In order to make use of the Expedited Informal Settlement Agreement an employer must accept the particular classification which OSHA has chosen to describe the type of violation    found. The classification of a particular alleged violation dictates the permissible penalty range for that violation. In addition, and more importantly, the classification of a violation becomes a crucial element of the employer's "history" with OSHA. That history becomes a factor which OSHA will consider in future instances when determining the classification of a Citation for a new violation, as well as the amount of the penalty which will be assessed for any new violation. In other words, an employer's OSHA "history" is analogous to the criminal history ("rap sheet") of an individual person. The greater the number of violations, and the greater their severity, the worse it is for the employer going forward.

Even though the classification is of crucial importance and will impact the employer for years, OSHA conditions the use of the Expedited Informal Settlement Agreement (and hence the proffered reduction in penalty) on the employer's acceptance, carte blanche, of OSHA's classification of the type of violation.

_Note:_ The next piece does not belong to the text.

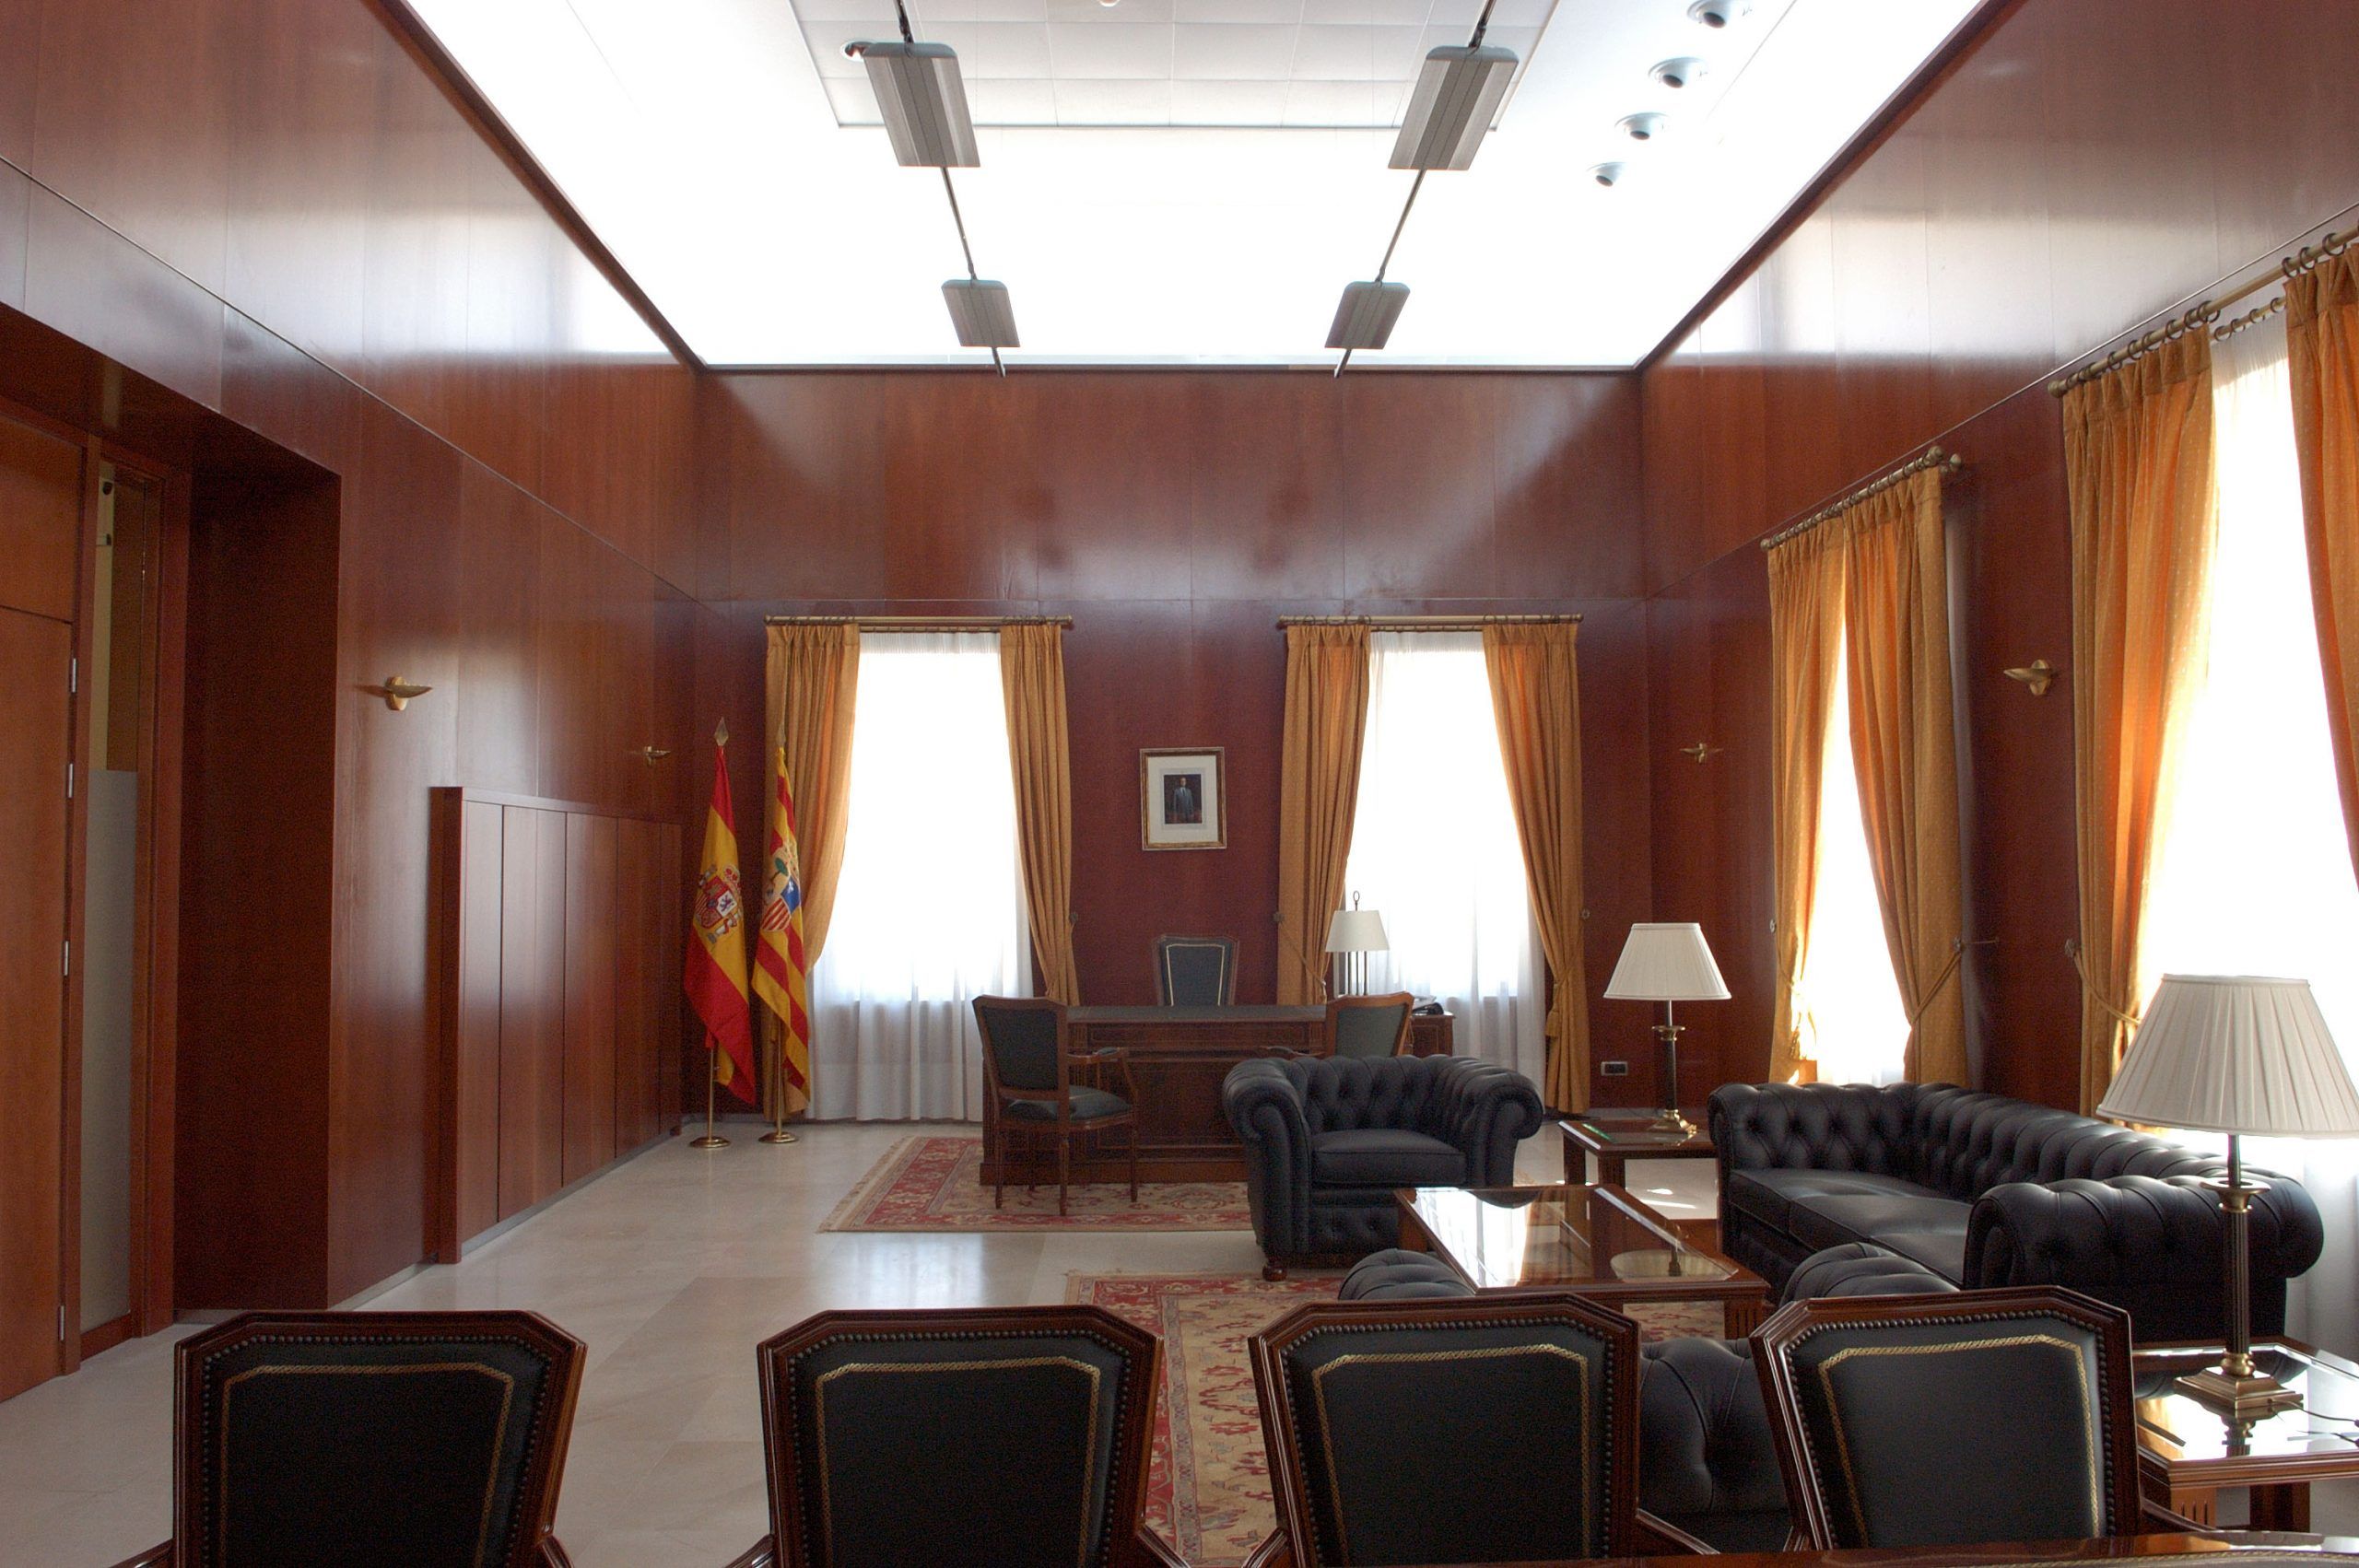 Arquidos - Proyectos de Arquitectura en Teruel - DGA

As the cover letter accompanying the Expedited Informal Settlement Agreement states, "if you wish to discuss, change or object to any aspect of the inspection or citations - - - including abatement dates, validity of violations, classification of violations - the Expedited Informal Settlement Agreement can not be used."

The catch here is that in virtually all instances the employer should want to discuss and negotiate those very issues so as to get the fairest and most workable deal possible. The penalty is, in effect, simply the "price" the employer has to pay for the "product" being purchased, and that product is a settlement agreement with OSHA. It is best for the employer to get the most bang for its buck by reducing the total number of violations, obtaining the most favorable classification of each violation, and by structuring the abatement obligations so that they are workable for, as well as an added value to, the employer's ongoing operations.